Extract text and tabular data from a PDF into an XLSX spreadsheet, with automatic table detection and formatting for genuinely tabular pages.
How It Works
How PDF to Excel Works
The PDF is parsed server-side with smalot/pdfparser, which reads each page's embedded text along with the horizontal gaps between text blocks — pdfparser inserts tab characters where it detects large gaps, which is a strong signal of column boundaries in a table.
Each page becomes its own sheet in the output workbook. The tool splits each line on those tab characters to reconstruct rows and columns; if a page has at least two columns of data, it is treated as tabular and gets a styled header row (bold white text on a dark blue background) with alternating row shading and a frozen header for readability.
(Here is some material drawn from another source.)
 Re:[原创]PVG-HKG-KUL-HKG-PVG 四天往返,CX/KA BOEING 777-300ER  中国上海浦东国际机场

Pages that come back as a single column of text (no clear tabular structure) are still written to their own sheet as plain rows, so you still get every page's content even if it wasn't originally a table.
Worked Example
See It In Action
A 4-page PDF where page 2 contains a pricing table with 5 columns gets its own sheet named "Page 2" with a dark-blue bold header row, alternating row colors, and auto-sized columns, while a plain-text page like the cover sheet is written as simple unformatted rows on its own sheet.
FAQ
Frequently Asked Questions
Does this work on scanned PDFs?
No — like PDF to Word, this extracts existing embedded text; it doesn't perform OCR. Scanned or image-based PDFs need the OCR PDF tool first.
How does the tool know what's a table versus regular text?
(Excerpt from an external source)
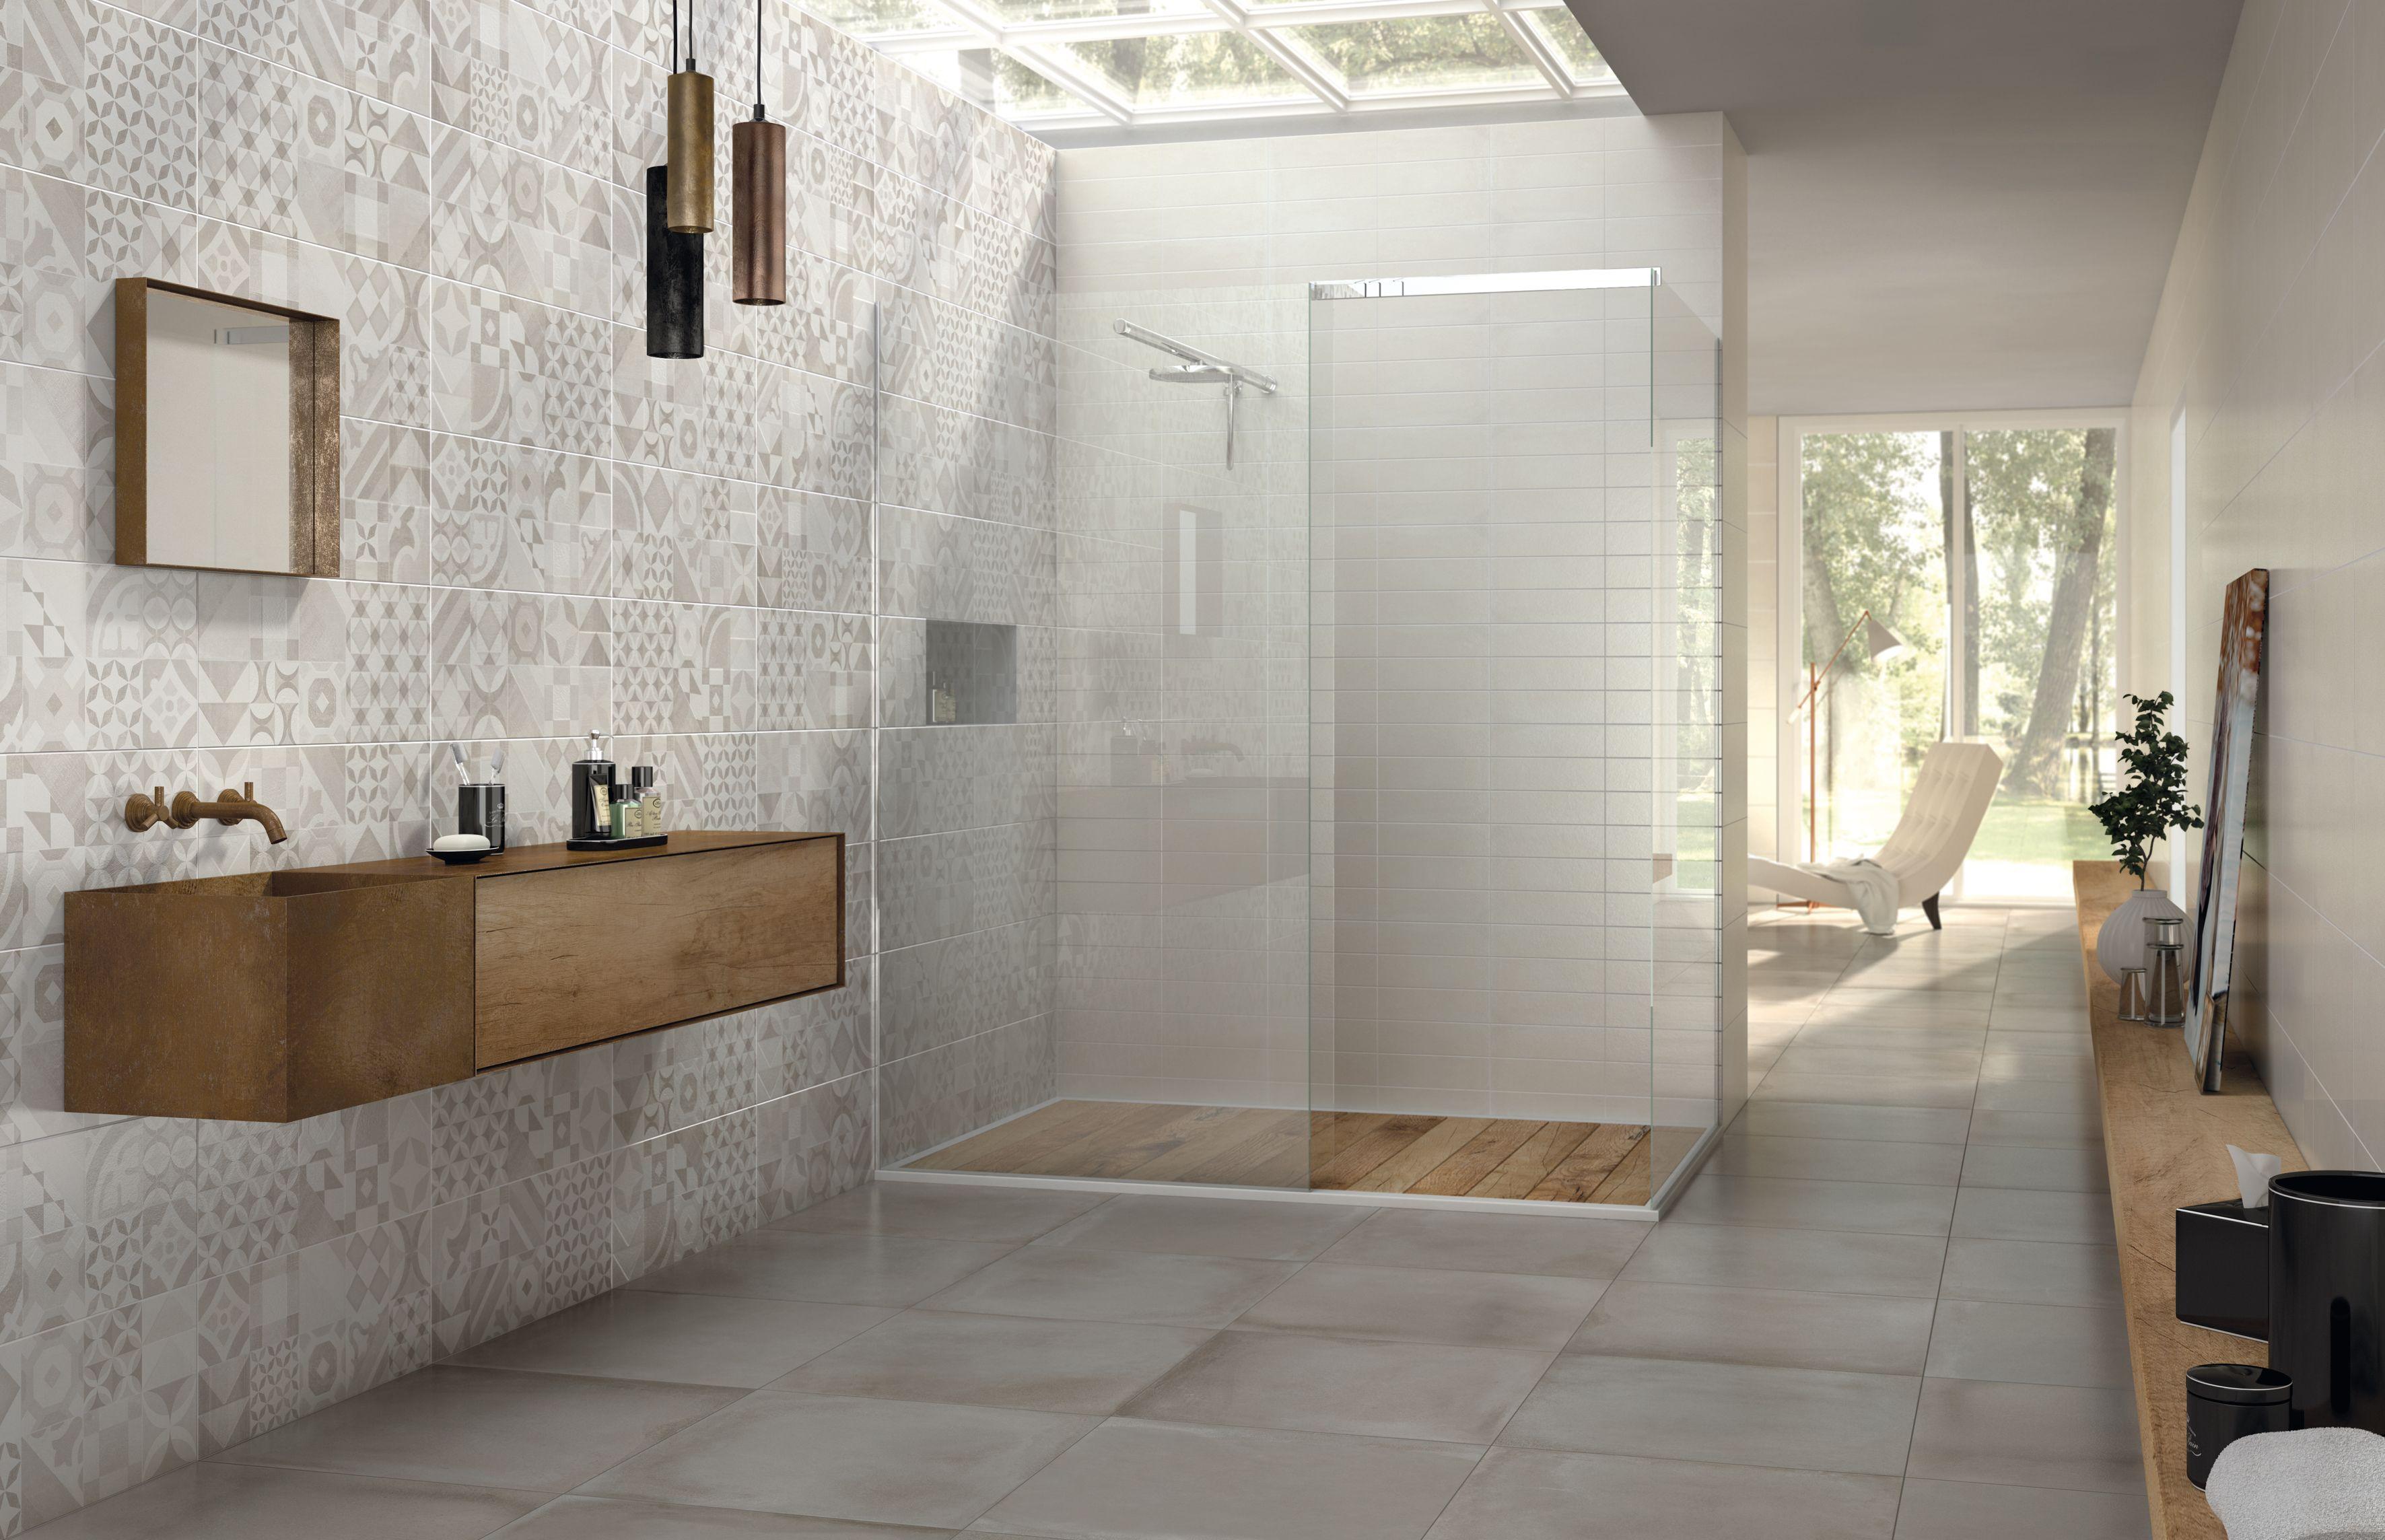 Carrelage décoration mur salle de bain 26x60,5 Sugar Wall ...

It relies on tab characters that the PDF parser inserts wherever it detects a large horizontal gap between text blocks — pages with at least two detected columns get table-style formatting (header row, shading); pages without that pattern are written as plain text rows.
Will each PDF page become its own sheet?
Yes — every page in the source PDF is written to its own named sheet ("Page 1", "Page 2", etc.) inside the resulting XLSX workbook.